I also wanted to highlight a citizen's petition that was brought forth by Students for Life of America. These are anti-abortion student groups found in colleges and different graduate schools across the U.S. This was brought by individuals as well as those organizations. Basically, they have petitioned the FDA and have asked for several environmental restrictions on medication abortion. (Restrictions proposed require any doctor who prescribes abortion medication to be responsible for disposing of fetal tissue rather than flushed down the toilet into the wastewater.) Students for Life is an anti-abortion group. It's not an environmental group. So this is really shamelessly co-opting the environmental movement agenda for their own agenda.

This petition I think is meant to bolster the recent lawsuit, attempting to undo the FDA's approval of mifepristone and I think it just shows the kind of extreme radical asks that are being made because now that the majority of Americans use medication abortion as their chosen form of abortion care, ending at Roe was never enough for anti-abortion organizations. I think that these more radical pushes will be what we see in 2023 because the anti-abortion side has just been more emboldened.

Are there any plans in place for Susan B. Anthony Pro-Life America to work with state legislatures on enforcing abortion medication restrictions?
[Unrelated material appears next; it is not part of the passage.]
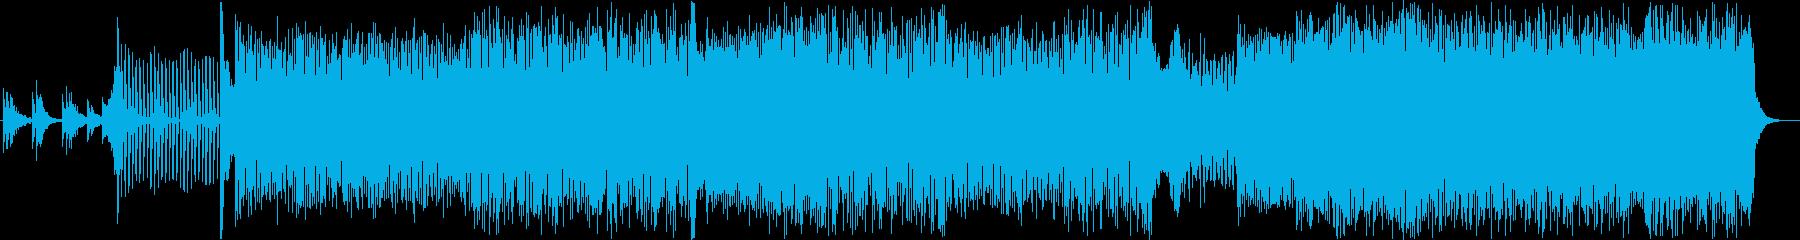 ハウス。ピアノソロの再生済みの波形
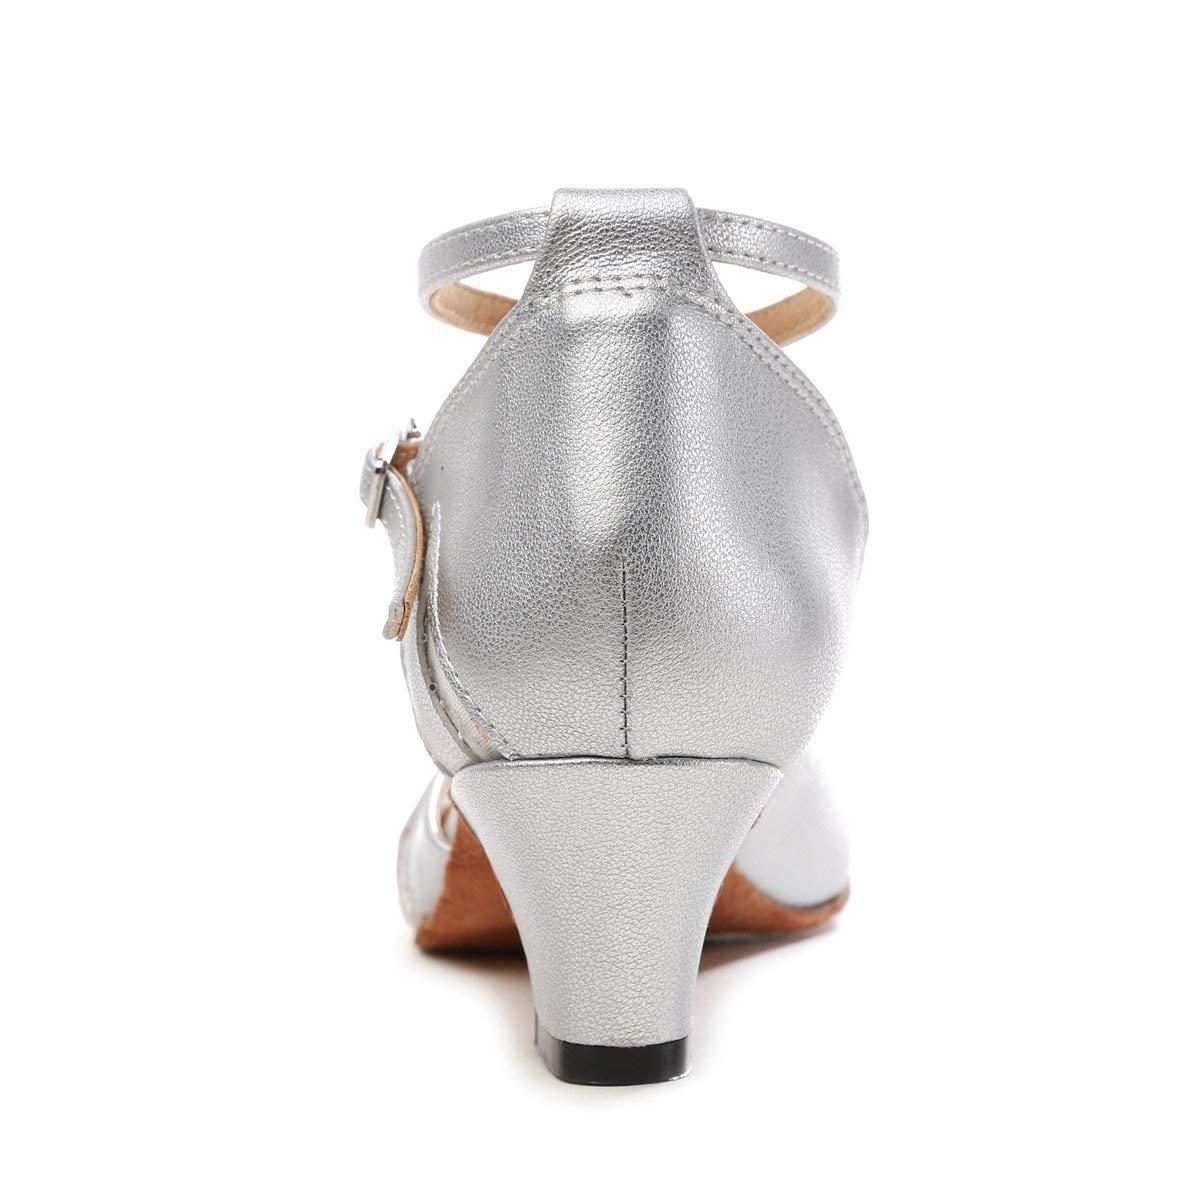 Qiusa GL261 Frauen Geschlossene Zehe Silber Mesh Mesh Mesh Synthetische Salsa Latin Dance Schuhe Party Pumps UK 4,5 (Farbe   - Größe   -) c8b2c7

Glenn: Around 20 states currently have prevented pill-by-mail abortion. They do require that in-person care prior to prescribing, and we think that's great, every state should have that in their policy. There are several states that currently don’t or could certainly strengthen their laws. And I think Georgia’s one [that] will likely be engaging in. There was a bill last year [Senate Bill 456] that came up short at the last minute, and so I think that’s definitely something their lawmakers are thinking about, and their lack of an explicit requirement for in-person care has been exploited over the past several years by the abortion industry. Companies have done studies in Georgia where they send pills by mail. So this is a real problem for their lawmakers and I think that the FDA’s recent statements are definitely going to be energizing for the members of their legislatures who see this as an issue.

Could prosecutors in states that ban medication abortion go after companies outside of the state that provides abortion medication?

Ma: If a state prosecutor is so emboldened to do such a thing — that is something that will likely be challenged. I think that the answer is that it will just have to be challenged.

The Washington Post reported that Texas state lawmakers are preparing legislation that would essentially enable internet providers to block certain medication abortion websites. What sort of red flags does that raise?

Ma: I think that there would be many constitutional arguments against such a piece of legislation that Texas is thinking about, or other states. From the state level every year anti-abortion legislatures just come up with more and more ways to restrict care from their citizens. I think a piece of legislation like that is incredibly problematic.